One of three interconnecting rooms across the front of the house, the sitting room has a strong mix of periods and styles. Here, a faux bamboo round table and chairs and two Chinese lions on either side of the chimneypiece meet a Seventies Perspex coffee table and a pair of nineteenth-century cast-iron garden tables. Somehow it all blends perfectly. Henri was less than happy with the machine-sewn trim on the pelmets in the sitting room, so sitting on a ladder, she unpicked and sewed them back on by hand.

Henri worked with Holloways of Ludlow to design the marble-topped kitchen units, painted in Farrow & Ball's 'Railings'.

Lucas Allen

Next door, in the more formal drawing room, the tone is set by the warm ripe wheat colour of its hessian wallcovering. A collection of African masks blends with mid-century furniture and lamps. The carpet here, which came from Henri's London house, was too small for the room, so she has laid it over a larger one of inexpensive seagrass squares - a trick that she recommends to clients who are waiting to purchase a larger rug.

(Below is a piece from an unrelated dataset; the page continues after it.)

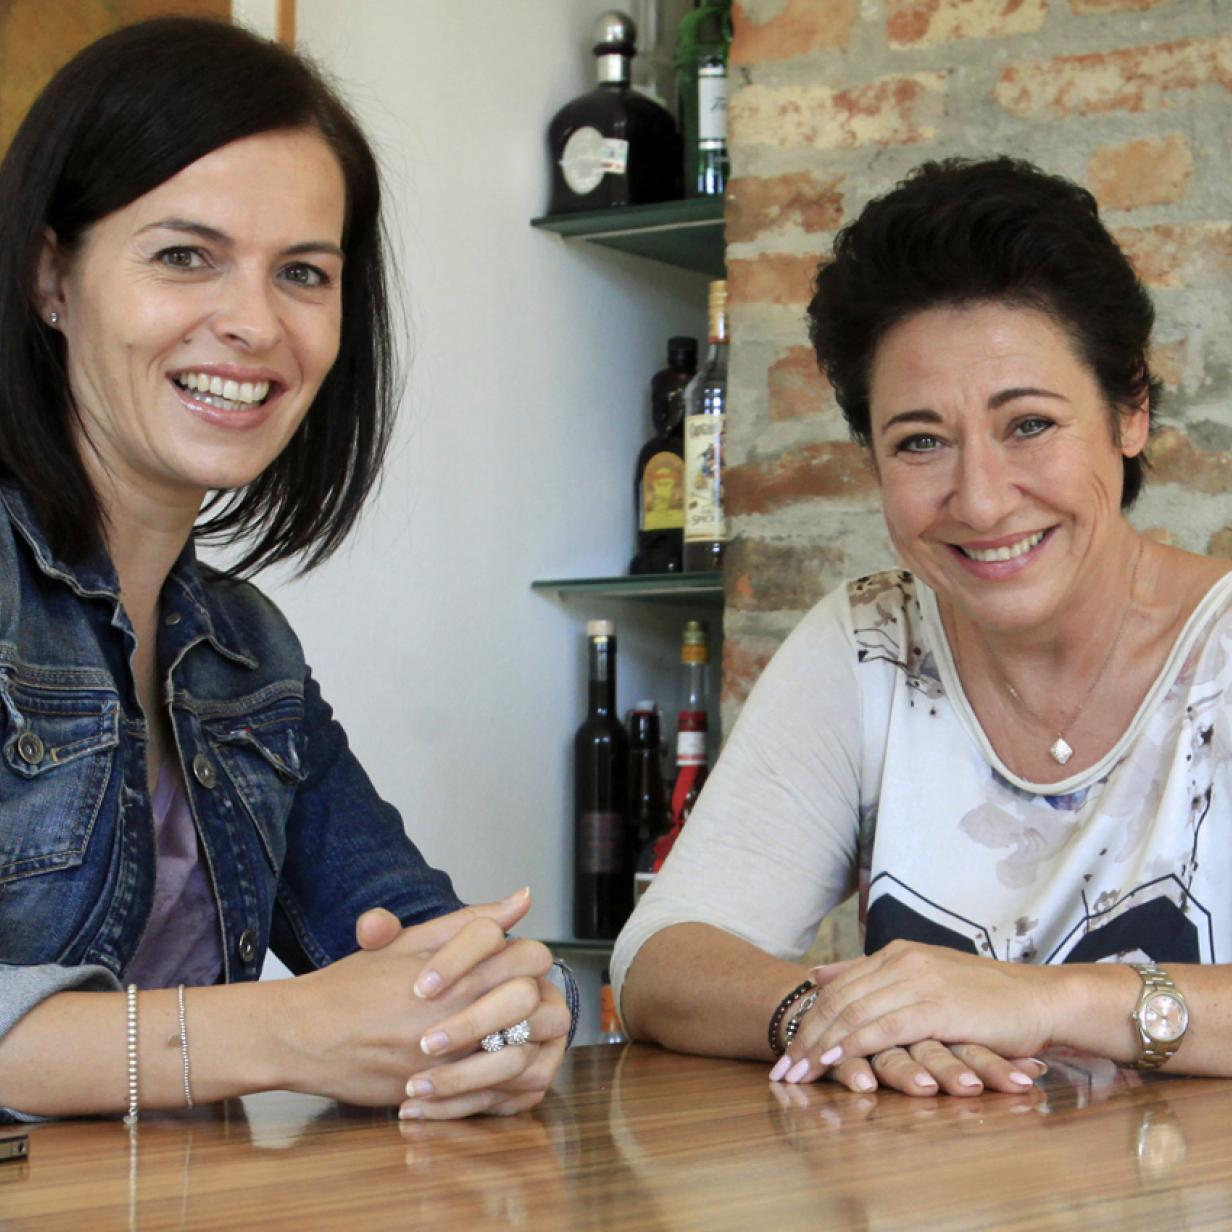 Singlebörse Steiermark Partnersuche Frauen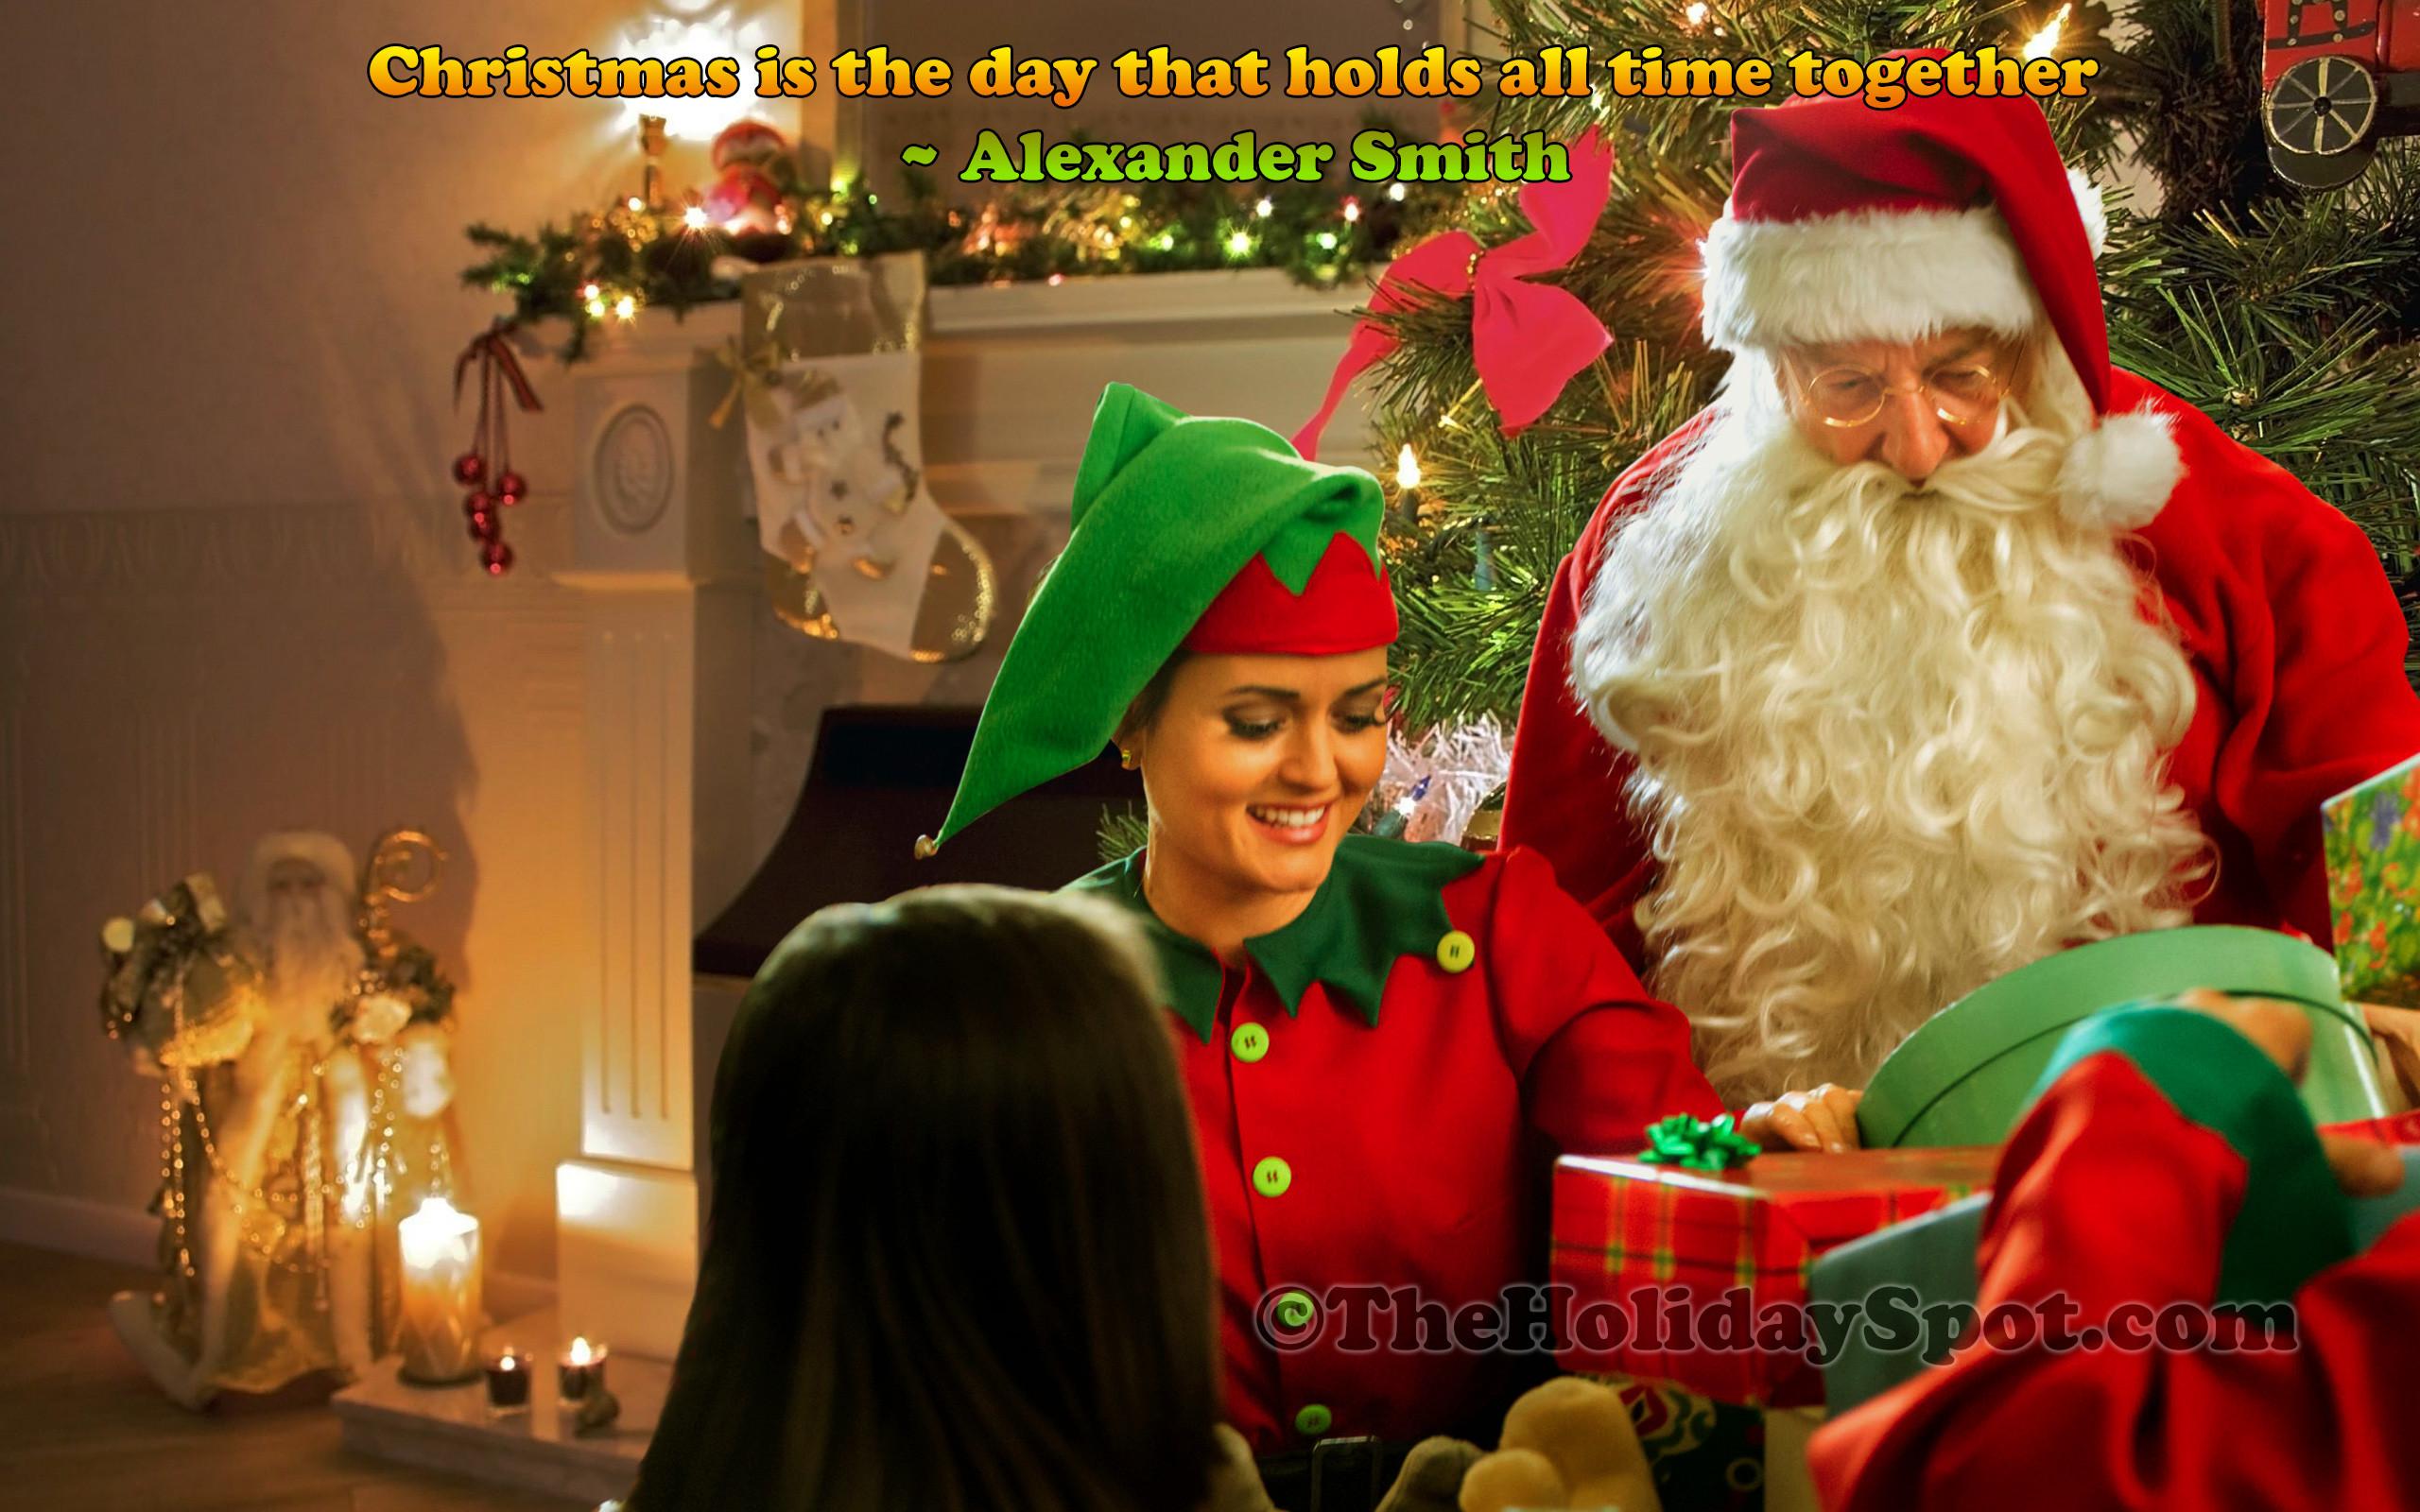 Wallpaper – Christmas celebration with Santa

'The dining room was excruciatingly noisy,' Henri continues. 'At our first dinner party, you couldn't hear your neighbour.' So she tented the ceiling with Ralph Lauren fabric, filling the gap with chicken wire and insulation, covered the walls with the same striped fabric and hung huge brass lights just above the table. A fabric-covered jib door opens onto the dark and glamorous bar with a marble and brass cabinet, which is everyone's favourite room when she and Hugh entertain. But for sheer fun, even the bar cannot compete with her daughters' bedrooms: eight-year-old Edith has red-and-white-striped wallpaper, while Josephine, 16, enjoys a Fifties Riviera vibe, with tropical wallpaper, wasp-waisted straw lampshades and curvy, leopard-print headboards.

The drawing room has a pair of bespoke sofas from Amy Somerville and a hammered brass Sixties coffee table from Odette Welvaars in Amsterdam in between them. The Beatles portraits in the adjacent sitting room are framed by the doorway.

Lucas Allen

All is serene though in the main bedroom, which overlooks a ravishing landscape of unspoilt valleys and distant hills. Walls in a subtle grey green and curtains of the palest blue silk - the colour of a spring sky - make a backdrop for some beautiful things, including a gilded Chinese screen and sprays of brass leaves by Curtis Jeré. 'There's also a bit of a Thirties Japanese thing going on in here,' says Henri, opening the door to the glamorous main bathroom next door, its curvy cupboards covered in an oriental-style gold and white wallpaper.

When she and Hugh first met in New York, Henri was an art director in charge of fashion shoots. She had to be constantly aware of deadlines and of the need to plan but remain flexible - and to always have a plan B up her sleeve. She organised the decoration of the house with the same efficiency and acute eye for detail in design. This was a great help when, as the family moved into the unfinished house in October 2010, Hugh told her he had invited his entire family, all 27 of them, for Christmas. 'It was the nearest we got to the end of our marriage,' she says, laughing. But she got it done. 'And we had a great time'.